The theory of mass points is rigorously defined according to the following definitions:[6]

• Mass Point - A mass point is a pair $(m, P)$, also written as $mP$, including a mass, $m$, and an ordinary point, $P$ on a plane.
• Coincidence - We say that two points $mP$ and $nQ$ coincide if and only if $m = n$ and $P = Q$.
• Addition - The sum of two mass points $mP$ and $nQ$ has mass $m + n$ and point $R$ where $R$ is the point on $PQ$ such that $PR:RQ = n:m$. In other words, $R$ is the fulcrum point that perfectly balances the points $P$ and $Q$. An example of mass point addition is shown at right. Mass point addition is closed, idempotent, commutative, and associative.
• Scalar Multiplication - Given a mass point $mP$ and a positive real scalar $k$, we define multiplication to be $k(m, P) = (km, P)$. Mass point scalar multiplication is distributive over mass point addition.

Methods

Concurrent cevians

First, a point is assigned with a mass (often a whole number, but it depends on the problem) in the way that other masses are also whole numbers. The principle of calculation is that the foot of a cevian is the addition (defined above) of the two vertices (they are the endpoints of the side where the foot lie). For each cevian, the point of concurrency is the sum of the vertex and the foot. Each length ratio may then be calculated from the masses at the points. See Problem One for an example.

Splitting masses

Splitting masses is the slightly more complicated method necessary when a problem contains transversals in addition to cevians. Any vertex that is on both sides the transversal crosses will have a split mass. A point with a split mass may be treated as a normal mass point, except that it has three masses: one used for each of the two sides it is on, and one that is the sum of the other two split masses and is used for any cevians it may have. See Problem Two for an example.

Other methods

• Routh's theorem - Many problems involving triangles with cevians will ask for areas, and mass points does not provide a method for calculating areas. However, Routh's theorem, which goes hand in hand with mass points, uses ratios of lengths to calculate the ratio of areas between a triangle and a triangle formed by three cevians.
• Special cevians - When given cevians with special properties, like an angle bisector or an altitude, other theorems may be used alongside mass point geometry that determine length ratios. One very common theorem used likewise is the angle bisector theorem.
• Stewart's theorem - When asked not for the ratios of lengths but for the actual lengths themselves, Stewart's theorem may be used to determine the length of the entire segment, and then mass points may be used to determine the ratios and therefore the necessary lengths of parts of segments.
• Higher dimensions - The methods involved in mass point geometry are not limited to two dimensions; the same methods may be used in problems involving tetrahedra, or even higher-dimensional shapes, though it is rare that a problem involving four or more dimensions will require use of mass points.

Examples

Diagram for solution to Problem One
Diagram for solution to Problem Two
Diagram for Problem Three
Diagram for Problem Three, System One
Diagram for Problem Three, System Two

Problem One

Problem. In triangle $ABC$, $E$ is on $AC$ so that $CE = 3AE$ and $F$ is on $AB$ so that $BF = 3AF$. If $BE$ and $CF$ intersect at $O$ and line $AO$ intersects $BC$ at $D$, compute $\tfrac{OB}{OE}$ and $\tfrac{OD}{OA}$.

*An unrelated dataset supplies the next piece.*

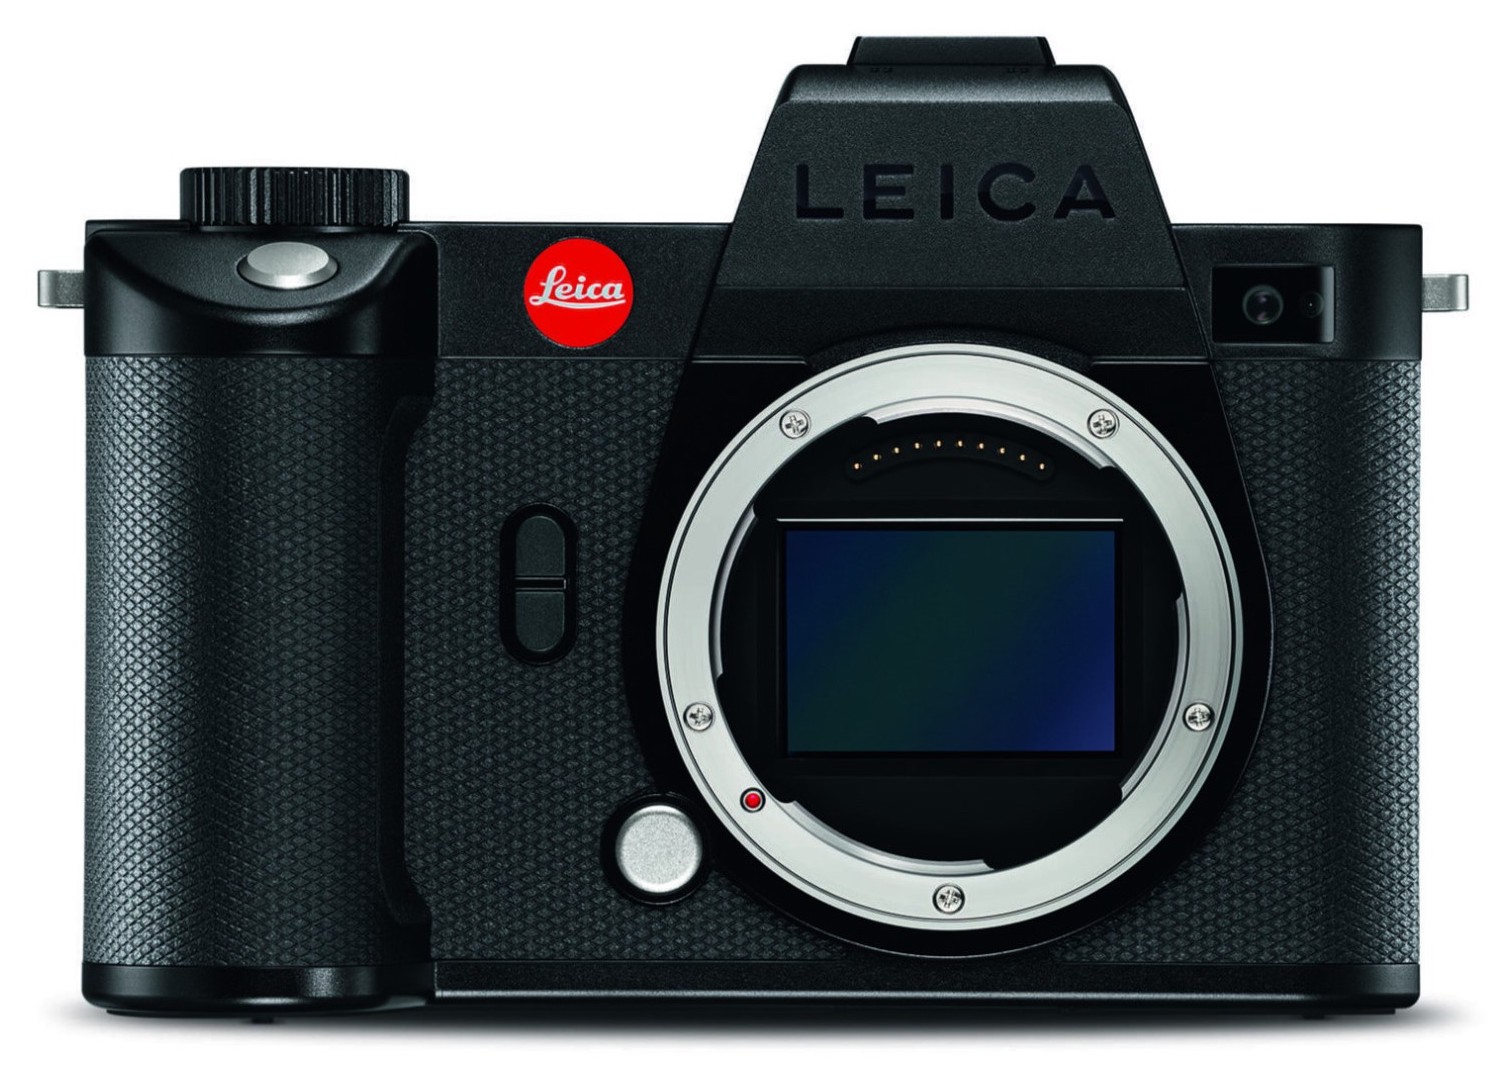 Leica SL2S camera with a 24 MP sensor coming soon new leaked photos

Solution. We may arbitrarily assign the mass of point $A$ to be $3$. By ratios of lengths, the masses at $B$ and $C$ must both be $1$. By summing masses, the masses at $E$ and $F$ are both $4$. Furthermore, the mass at $O$ is $4 + 1 = 5$, making the mass at $D$ have to be $5 - 3 = 2$ Therefore $\tfrac{OB}{OE}$ $= 4$ and $\tfrac{OD}{OA} = \tfrac{3}{2}$. See diagram at right.

Problem Two

Problem. In triangle $ABC$, $D$, $E$, and $F$ are on $BC$, $CA$, and $AB$, respectively, so that $AE = AF = CD = 2$, $BD = CE = 3$, and $BF = 5$. If $DE$ and $CF$ intersect at $O$, compute $\tfrac{OD}{OE}$ and $\tfrac{OC}{OF}$.

Solution. As this problem involves a transversal, we must use split masses on point $C$. We may arbitrarily assign the mass of point $A$ to be $15$. By ratios of lengths, the mass at $B$ must be $6$ and the mass at $C$ is split $10$ towards $A$ and $9$ towards $B$. By summing masses, we get the masses at $D$, $E$, and $F$ to be $15$, $25$, and $21$, respectively. Therefore $\tfrac{OD}{OE} = \tfrac{25}{15} = \tfrac{5}{3}$ and $\tfrac{OC}{OF} = \tfrac{21}{10 + 9} = \tfrac{21}{19}$.

Problem Three

Problem. In triangle $ABC$, points $D$ and $E$ are on sides $BC$ and $CA$, respectively, and points $F$ and $G$ are on side $AB$ with $G$ between $F$ and $B$. $BE$ intersects $CF$ at point $O_1$ and $BE$ intersects $DG$ at point $O_2$. If $FG = 1$, $AE = AF = DB = DC = 2$, and $BG = CE = 3$, compute $\tfrac{O_1O_2}{BE}$.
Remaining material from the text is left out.